I calculated term frequency of test documents both from Corpus and DTM as below. But they didn't match with each other. Can anyone tell me where the mismatch came from? Is it because I used wrong methods to extract term frequency?
library("tm")
library("stringr")
library("dplyr")
test1 <- VCorpus(DirSource("test_papers"))
mytable1 <- lapply(test1, function(x){str_extract_all(x, boundary("word"))}) %>% unlist() %>% table() %>% sort(decreasing=T)

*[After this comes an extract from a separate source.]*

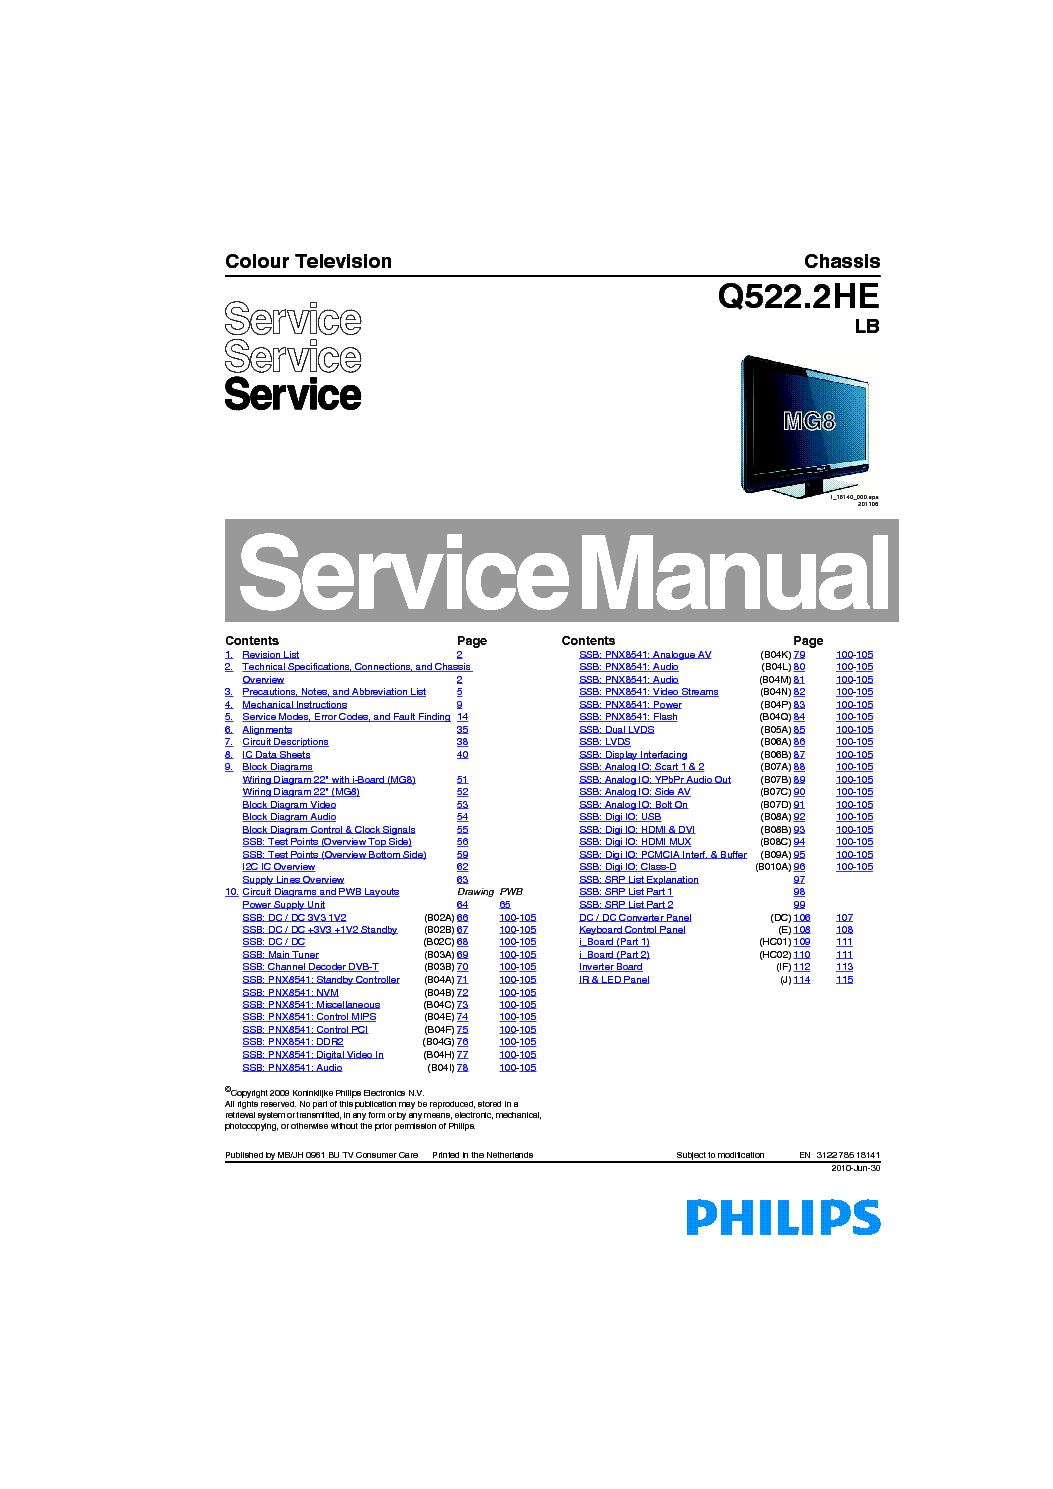 PHILIPS 22HFL3350D-10 CHASSIS Q522.2HE LB SM service manual (1st page)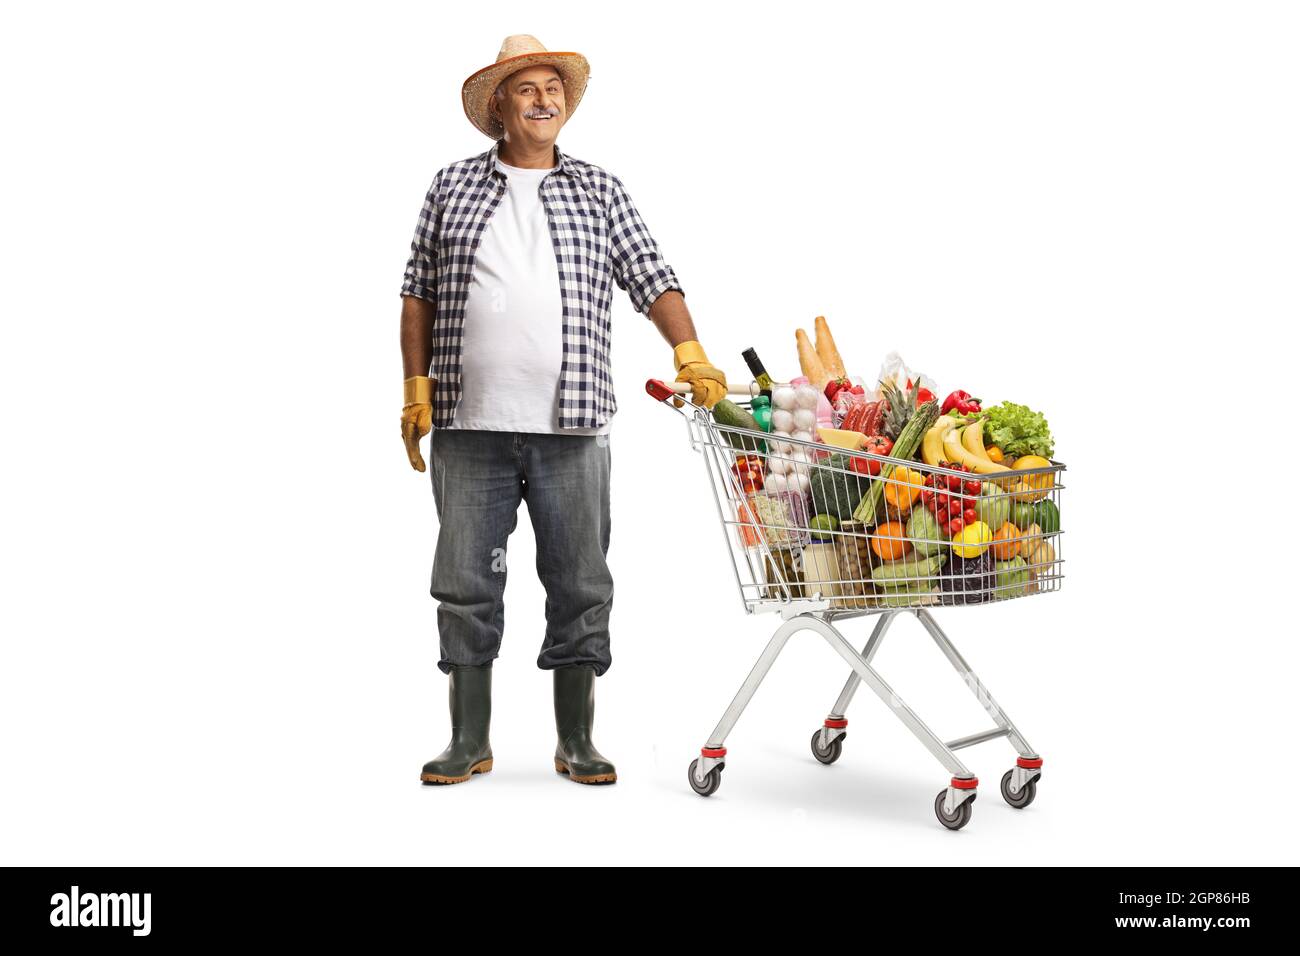 Farmer posing with a shopping cart full of food products isolated on white background Stock Photo

test2 <- DocumentTermMatrix(test1)
mytable2 <- apply(test2, 2, sum) %>% sort(decreasing=T)
head(mytable1)
.
and of the to in on
148 116 111 69 61 54
head(mytable2)
and the this that are political
145 120 35 34 33 33
Difference in methods used.
str_extract_all
with boundary("word")
removes the punctuations in the sentences. Turning the text into a document term matrix doesn't. To get the same numbers you need to use DocumentTermMatrix(test1, control = list(removePunctuation = TRUE))
.
Detailed explanation:
In the first case: "this is a text." would return the four words without the period. In the second case you would get text with a period ("text.") in the document term matrix. Now if text appears like this: "text and text." the first case would count "text" = 2, and the document term matrix would count it as "text" = 1 and "text." = 1.
Using removePunction will remove the period and the counts will be equal.
You might also want to remove numbers first as well, because removePunctuation removes points and comma's from the numbers.